Pruebas

X-Trail: el mismo nombre para un coche totalmente diferente

Poco que ver entre esta nueva generación del todocamino japonés y su predecesora, al que supera con creces empezando por el diseño.

X-Trail: el mismo nombre para un coche totalmente diferente

Podríamos decir sin temor a equivocarnos demasiado que el anterior Nissan X-Trail no era lo que podemos denominar como coche cautivador estéticamente. Nunca fue una preciosidad y, además, el paso del tiempo le estaba pasando una factura demasiado alta. Necesitaba con urgencia una renovación, porque por lo demás se trataba de un todocamino equilibrado y con cualidades valiosas.






Los ingenieros de la marca japonesa se pusieron manos a la obra y el resultado de su trabajo satisface con creces las expectativas. Han conseguido una carrocería de cinco puertas y 4,64 metros de longitud muy atractiva, con formas angulosas y dinámicas pero también elegante y con prestancia, nada que ver con las rectilíneas ya anticuadas de su predecesor.

Obviamente era el momento de mejorar el resto del conjunto y es así como estamos ante un vehículo renovado por completo, no una simple evolución basada en matices. En el interior se aprecia esa misma tendencia, con acabados de muy buen nivel y un equipamiento que incluso supera en ciertos detalles a lo que ofrecen rivales de marcas de mayor relumbrón… y precio. La habitabilidad tampoco defrauda y el X-Trail se revela como una opción interesante para quienes busquen un todocamino de vocación familiar.

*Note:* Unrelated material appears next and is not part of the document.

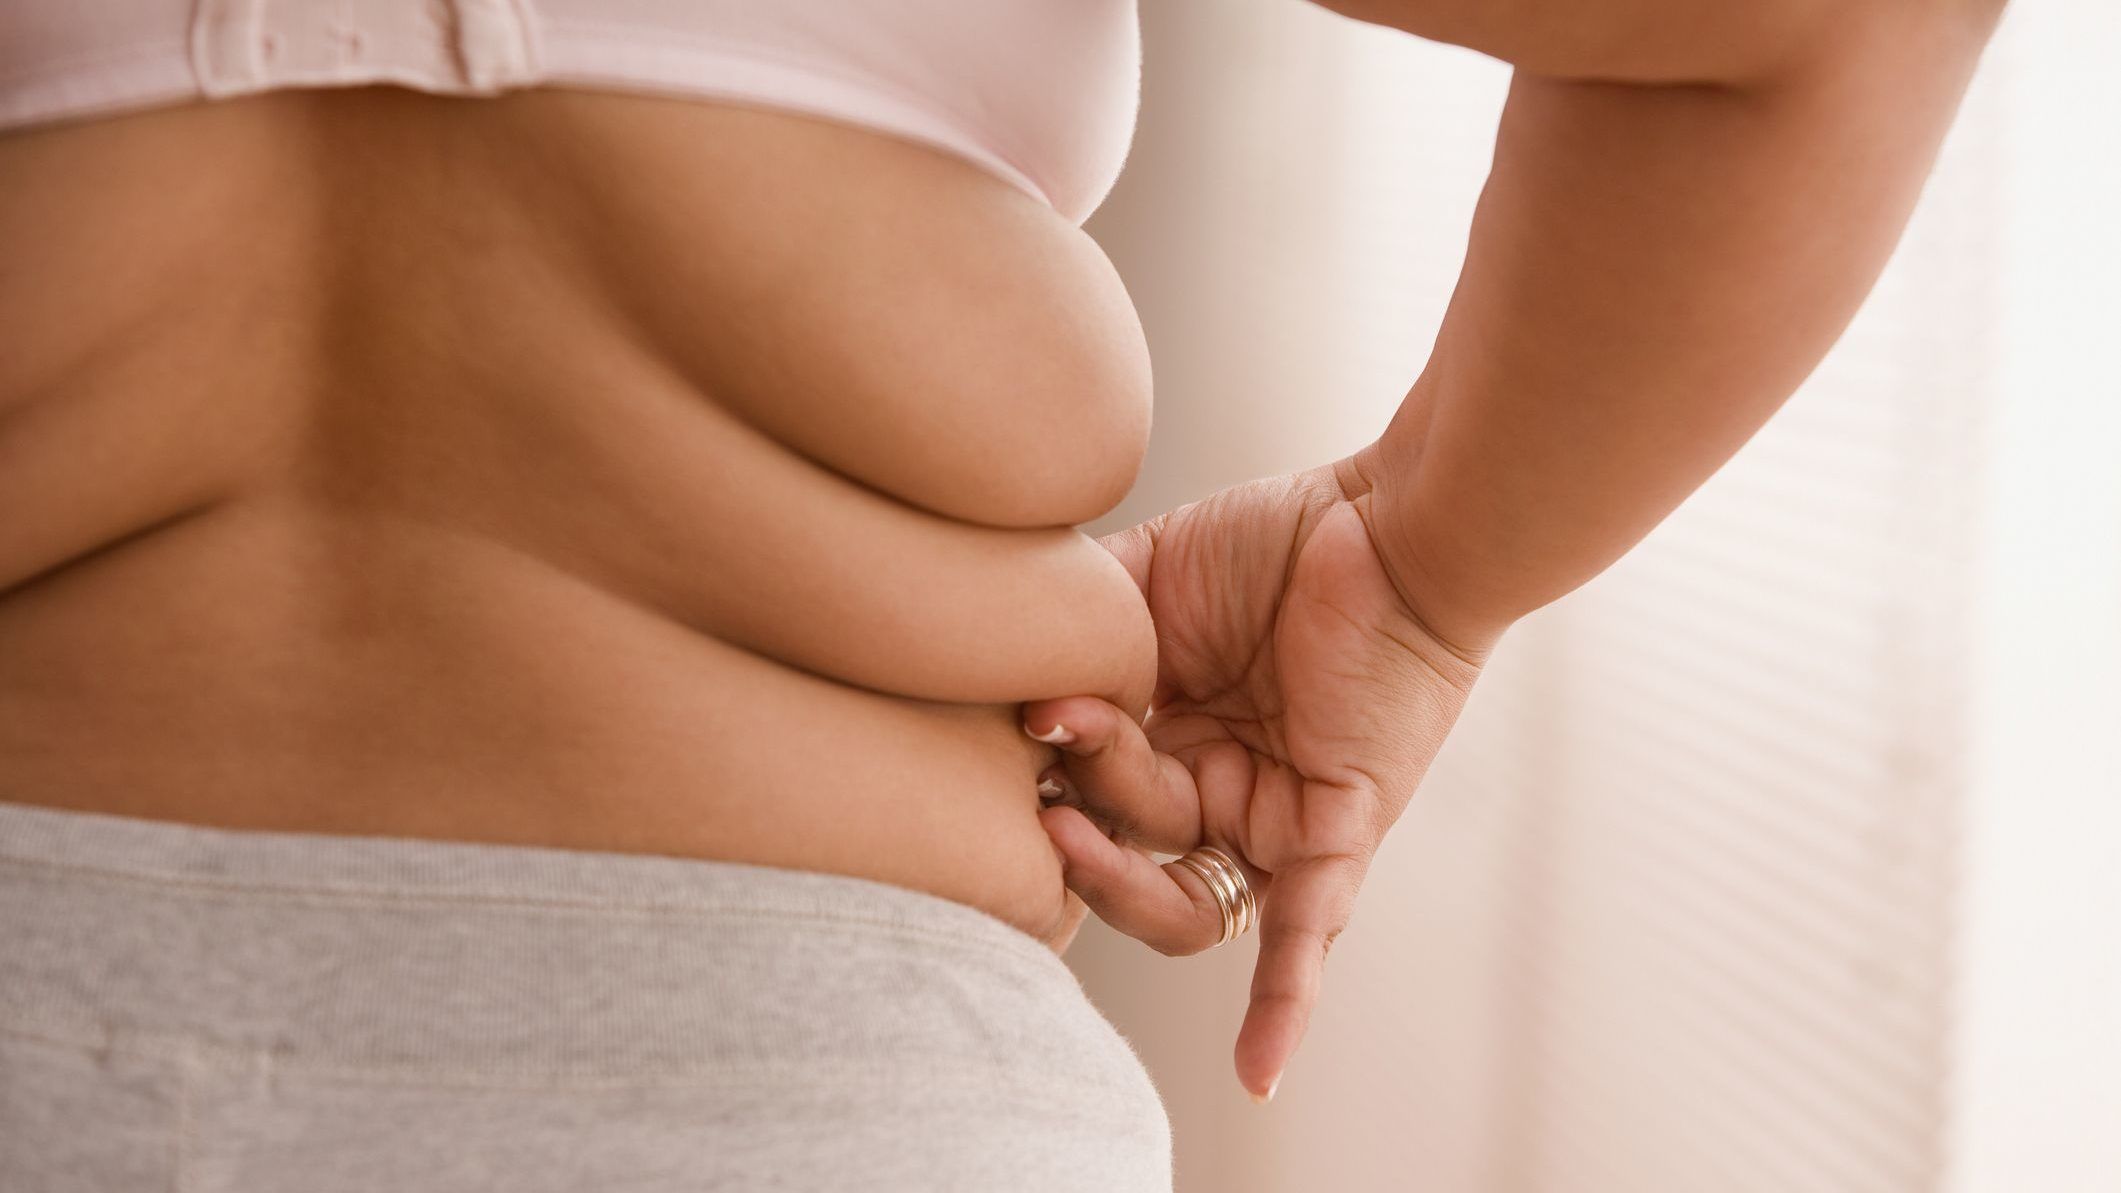 Koronavírus: komoly veszélyt jelent az elhízás a fiataloknál

Su corazón es un turbodiésel de 1,6 litros y 136 CV, acoplado a un cambio manual de seis relaciones. El rendimiento no es espectacular para sus dimensiones y peso, aunque una vez en marcha tampoco muestra carencias graves, cumple con las exigencias de cualquier usuario medio. Dispone de tracción total acoplable accionando un mando circular, aunque eso no quiere decir que se trate de un todoterreno puro: el sistema 4×4 es más apto para circular por asfalto de baja adherencia o caminos poco complicados que para afrontar desafíos de mayor entidad.

Por lo demás, la dirección tiene un tacto demasiado asistido y las suspensiones tiran a blanditas, lo que se traduce en confort pero también en algunos balanceos de una caja generosa.